### What the exercise asks
Would you print the lines below exactly, beginning at the line that has "Les enfants de l'école d'Asie" and stopping after the line that has "Screenshot of Enter"? Only those lines, and no pictures.

===== Raw data =====

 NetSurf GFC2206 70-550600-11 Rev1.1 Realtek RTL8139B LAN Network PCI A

=====
===== Raw data =====

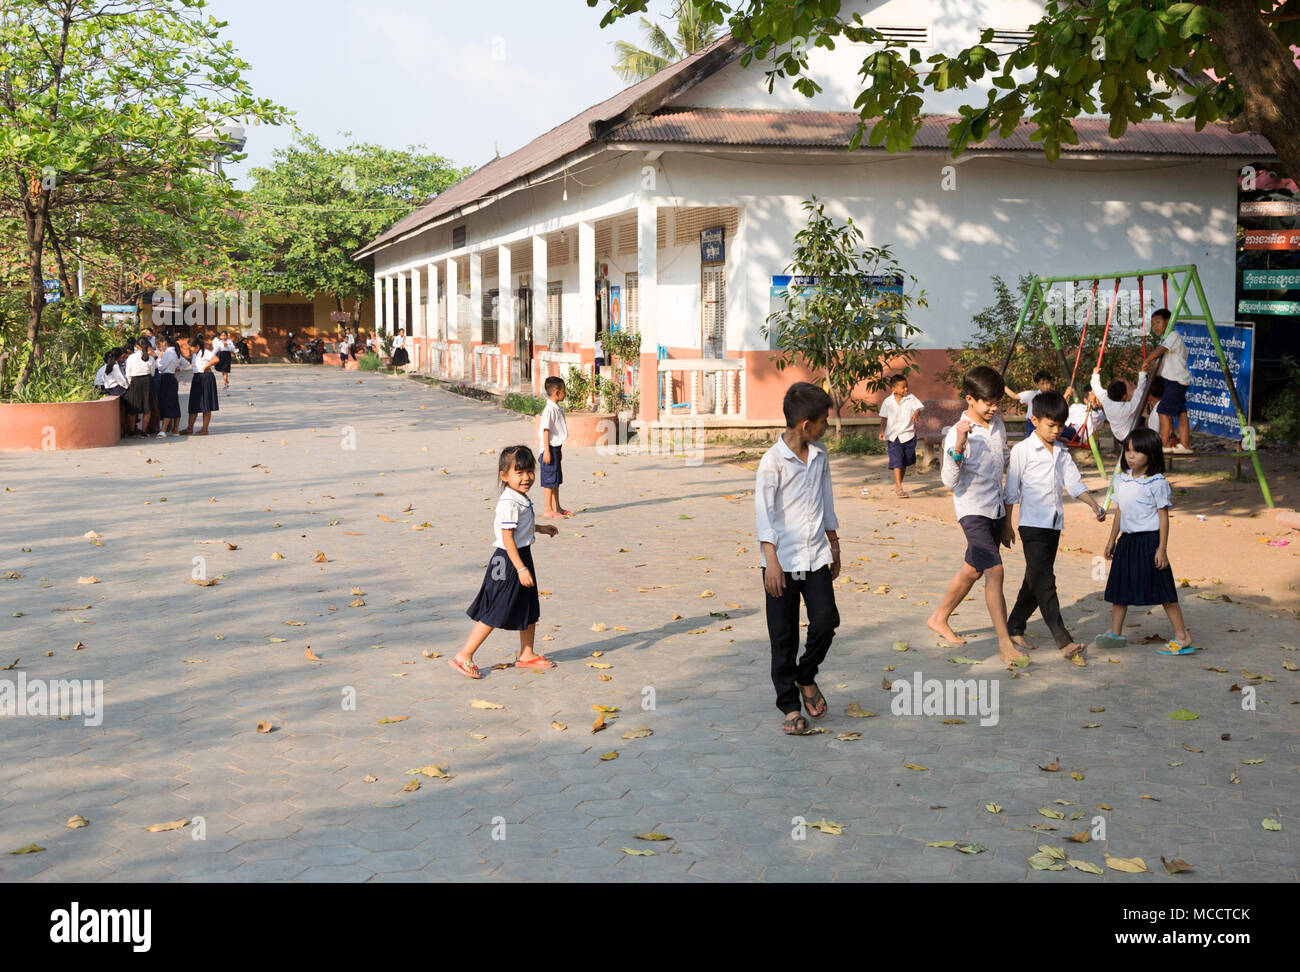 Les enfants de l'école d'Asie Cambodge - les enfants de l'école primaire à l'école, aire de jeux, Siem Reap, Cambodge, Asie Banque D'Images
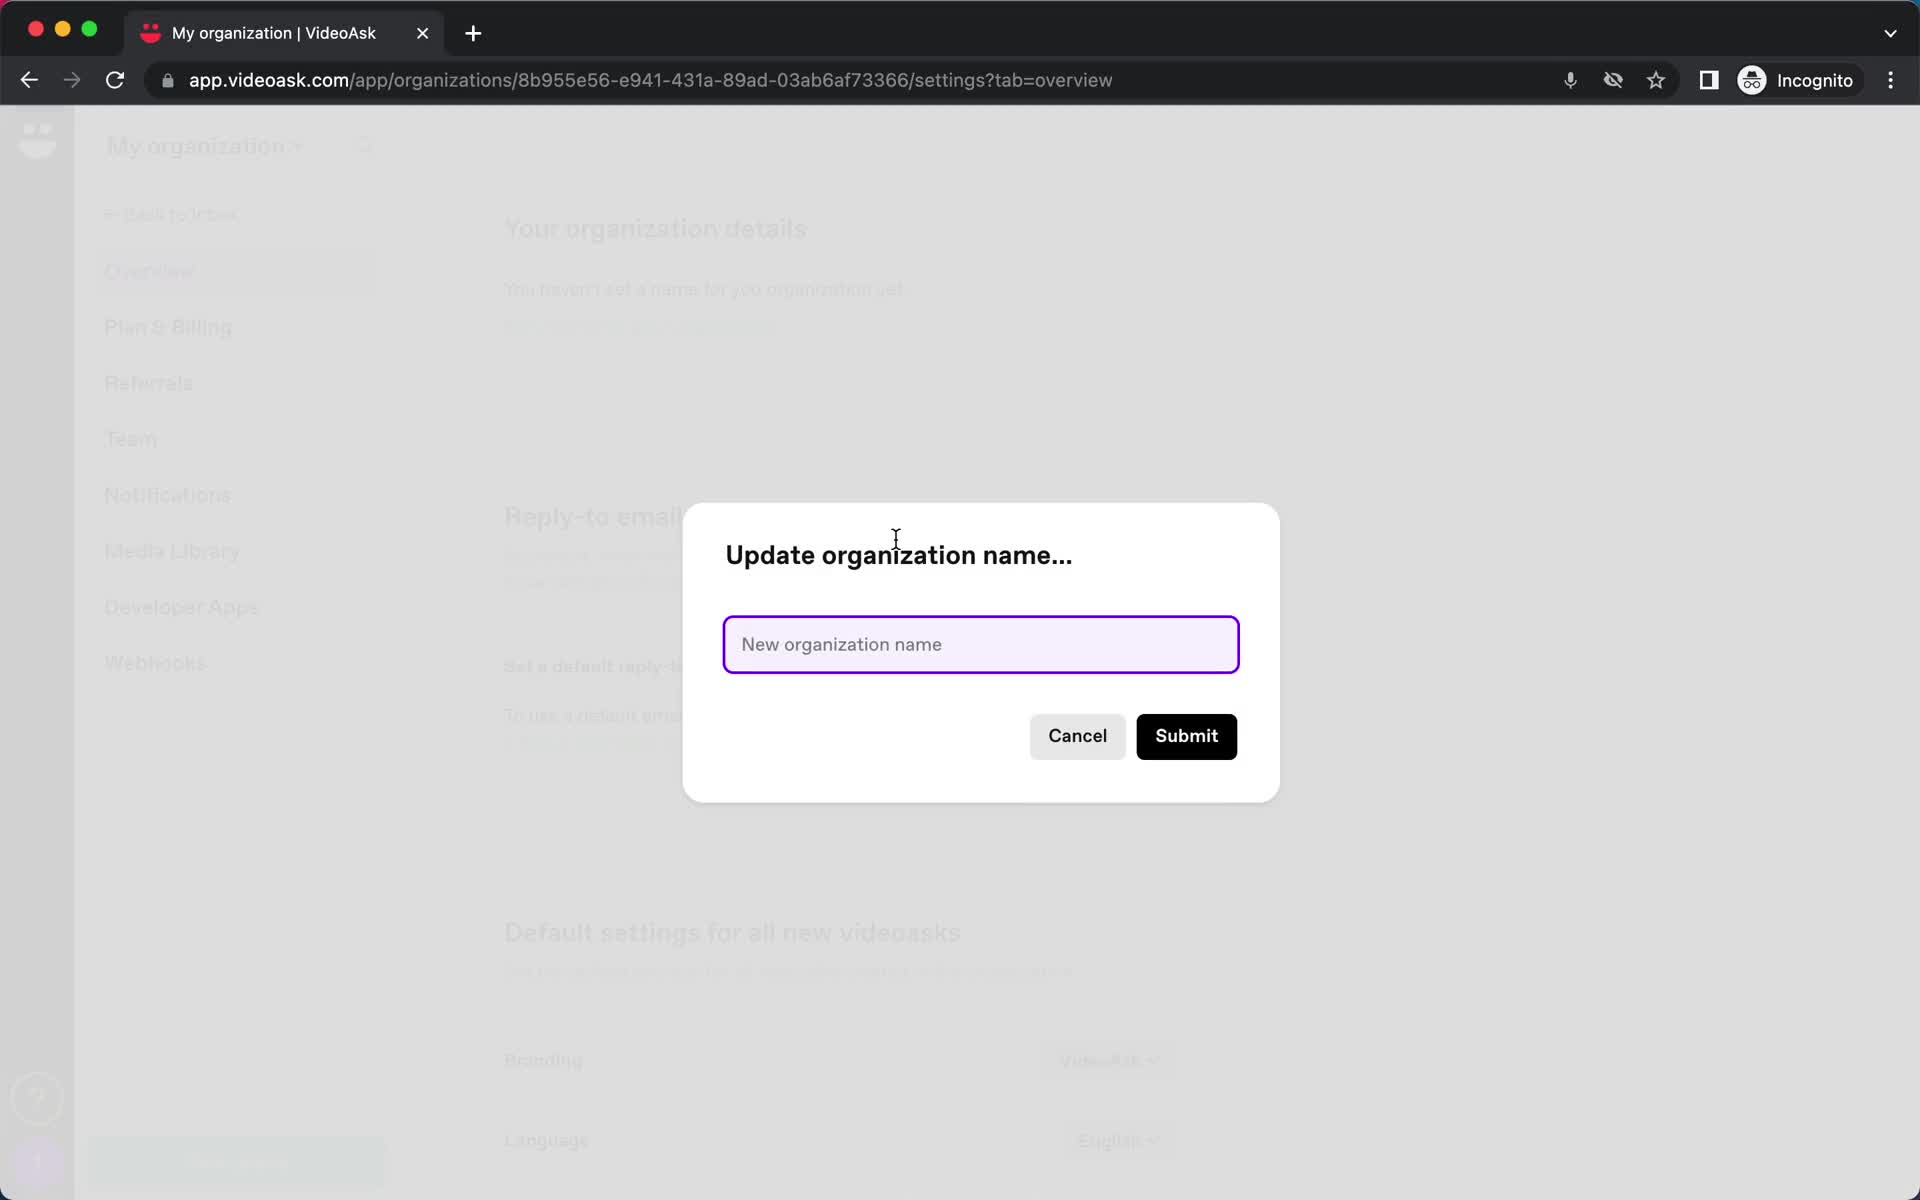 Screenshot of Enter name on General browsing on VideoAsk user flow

=====

### Result for this exercise
 Les enfants de l'école d'Asie Cambodge - les enfants de l'école primaire à l'école, aire de jeux, Siem Reap, Cambodge, Asie Banque D'Images
 Screenshot of Enter name on General browsing on VideoAsk user flow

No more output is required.